**Exercise prompt**
Return exactly, please, the line that contains "RN3500は、緊急時に携帯" and every line after it through the end of the material that follows, leaving pictures aside.

Top of Data

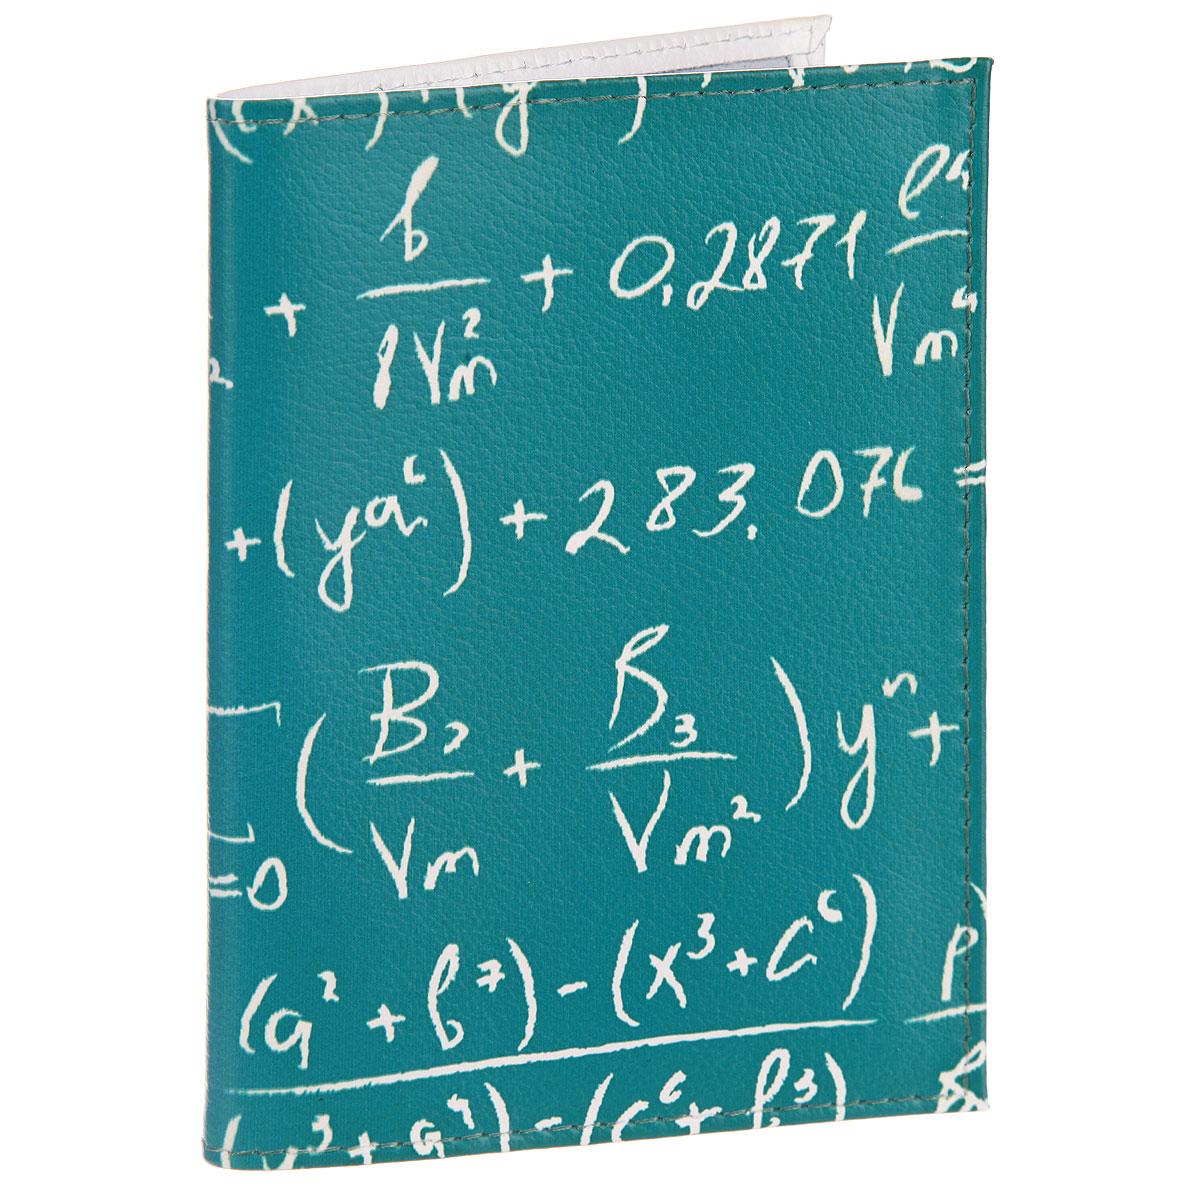 Обложка для автодокументов Школьная доска. AUTO3683334-A/Black-Light YellowСтильная обложка для автодокументов Mitya Veselkov Школьная доска выполнена из натуральной кожи с зернистой текстурой. Обложка оформлена художественной печатью с изображением математических формул. Внутри размещен пластиковый вкладыш с шестью карманами для документов, среди которых карман формата А5.Стильная обложка для автодокументовMitya Veselkov Мальчик, Луна и Грузовик не только поможет сохранить внешний вид ваших документов и защитит их от повреждений, но и станет стильным аксессуаром, идеально подходящим к вашему образу.
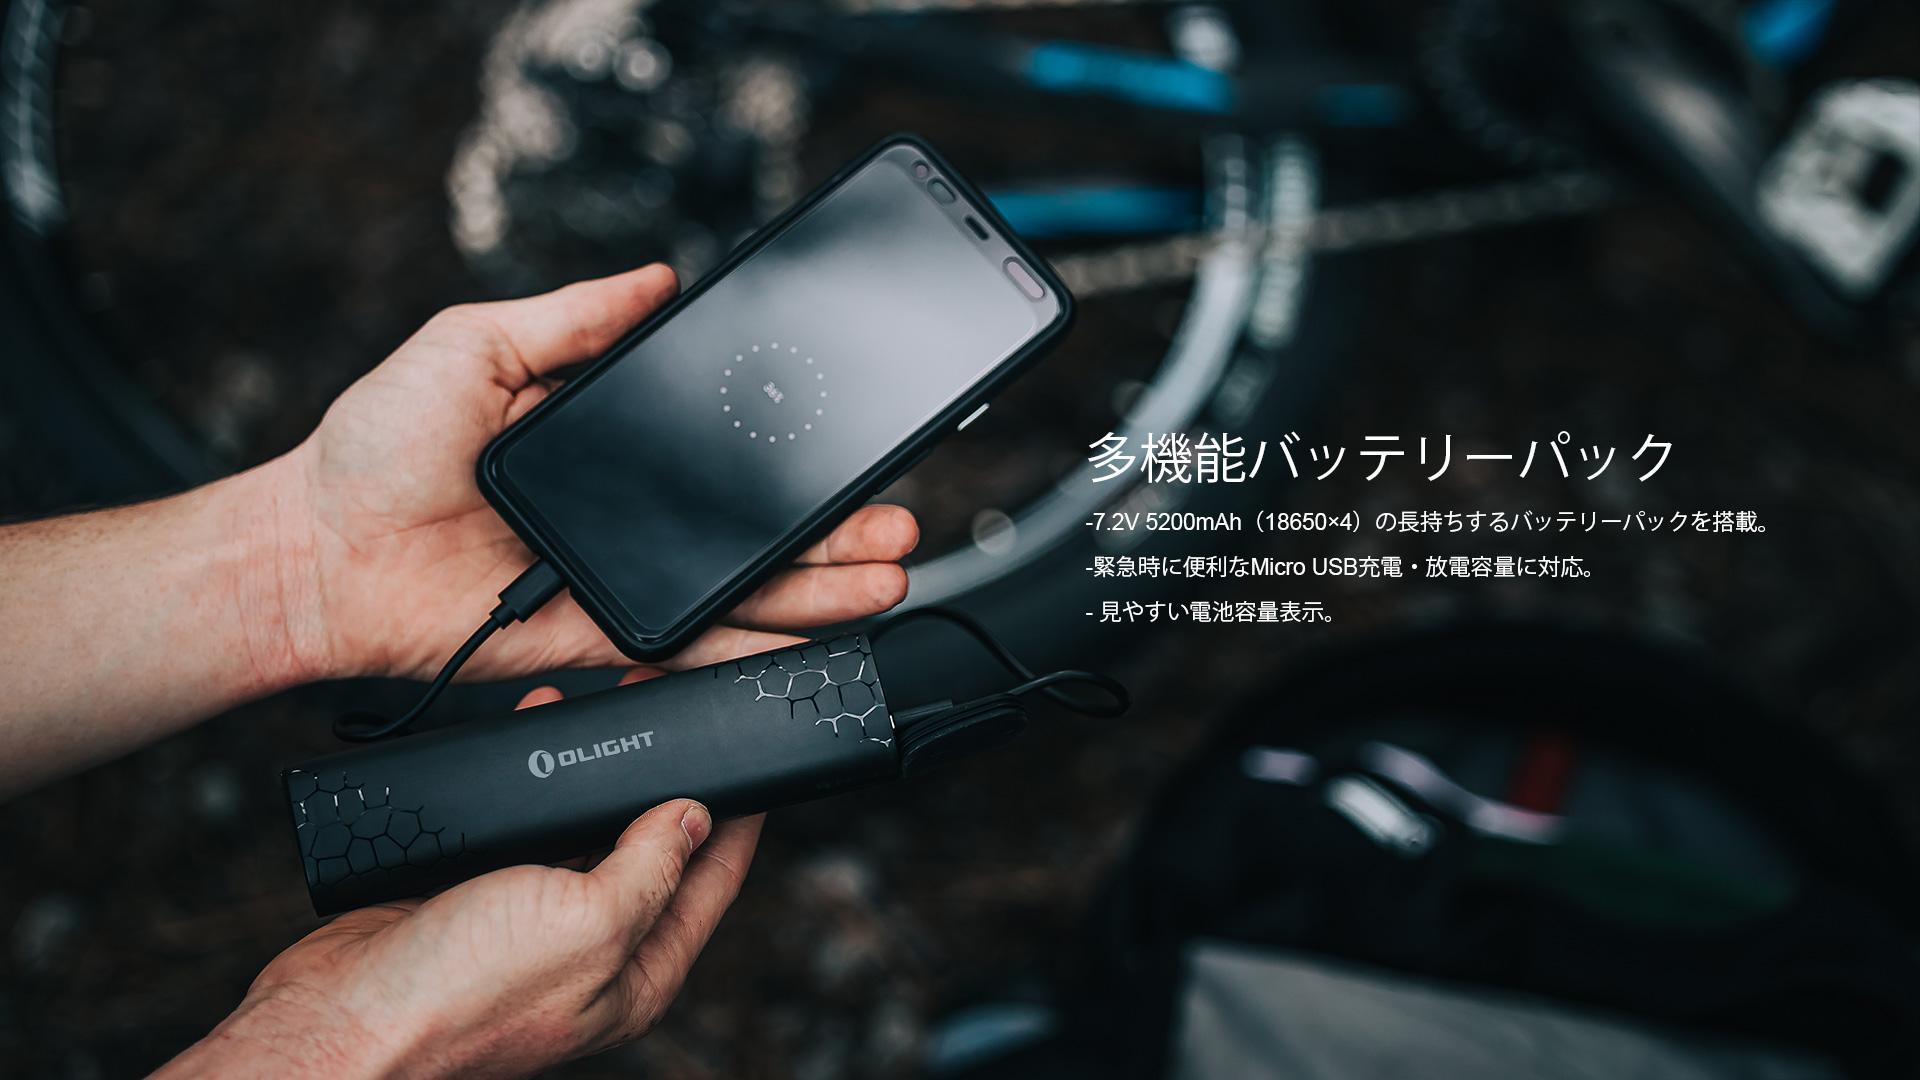 RN3500は、緊急時に携帯電話に電力を供給するためのモバイルパワーバンクとして使用できます。
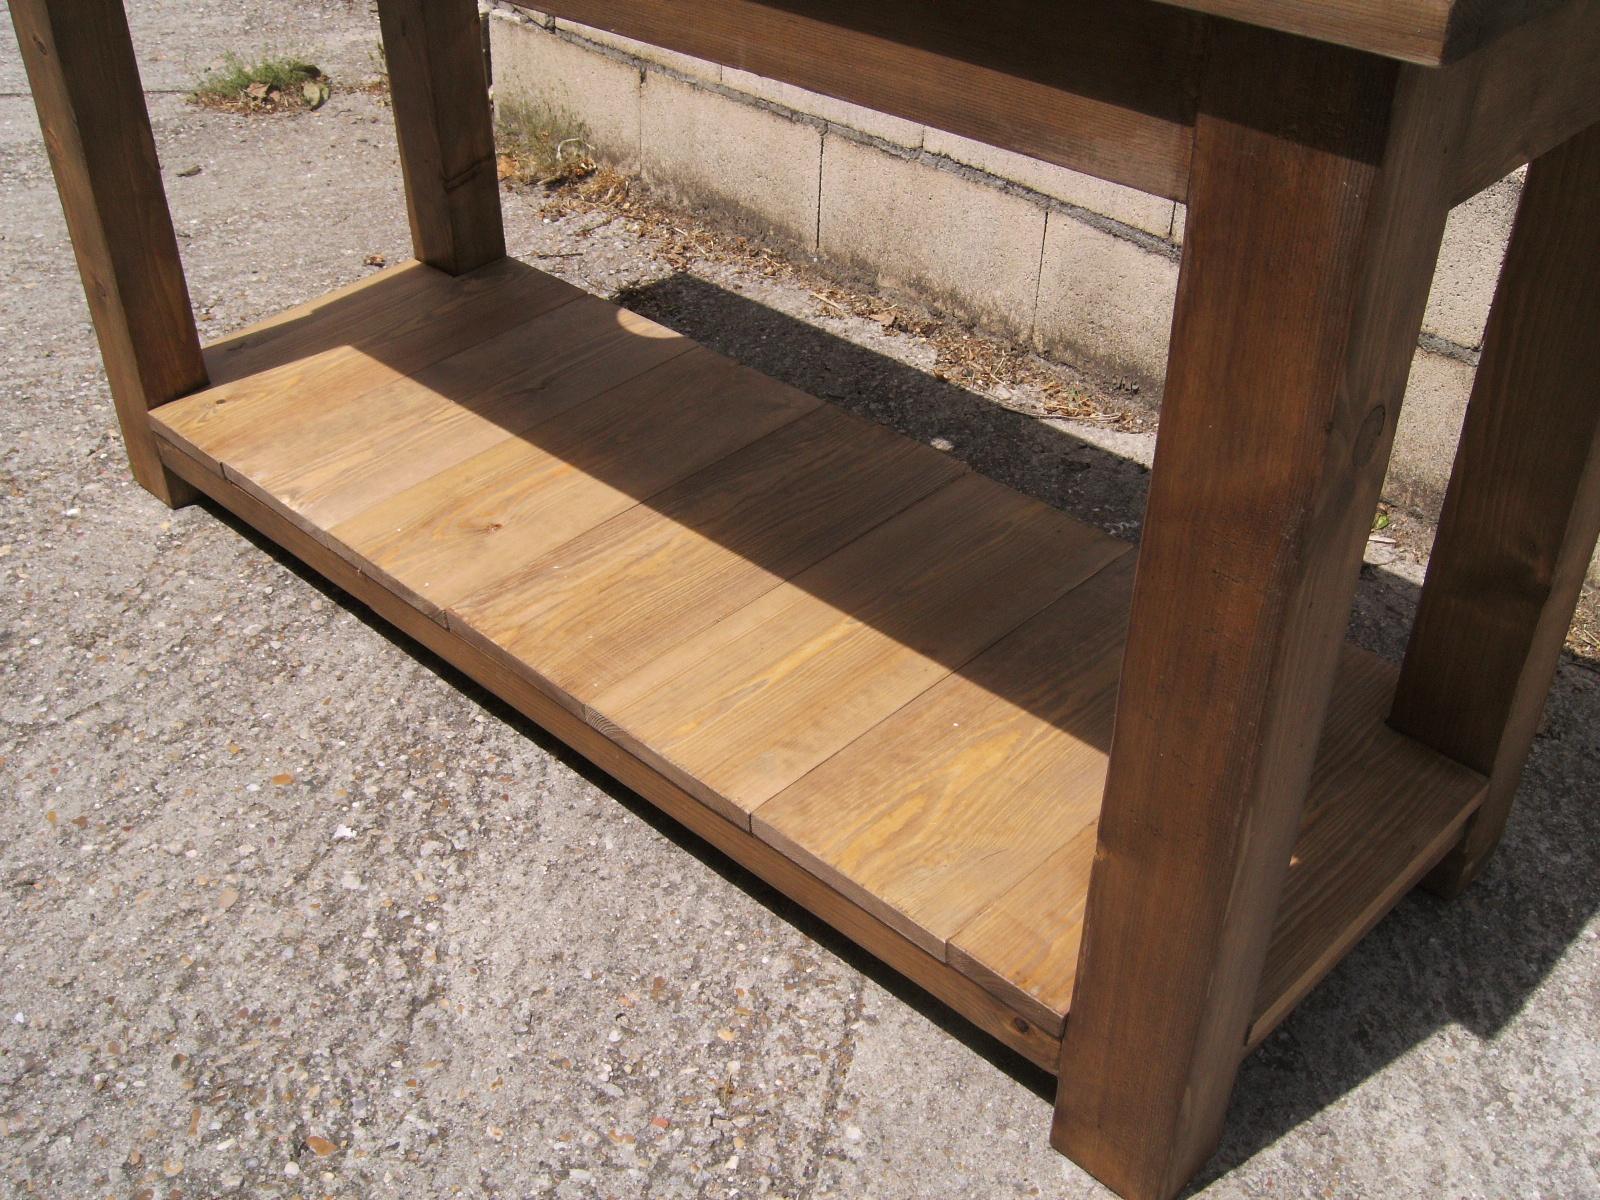 Mesa lavabo de madera dise o y estilo para el ba o - Bancos de madera para banos ...

Bottom of Data

**Your solution**
 RN3500は、緊急時に携帯電話に電力を供給するためのモバイルパワーバンクとして使用できます。
 Mesa lavabo de madera dise o y estilo para el ba o - Bancos de madera para banos ...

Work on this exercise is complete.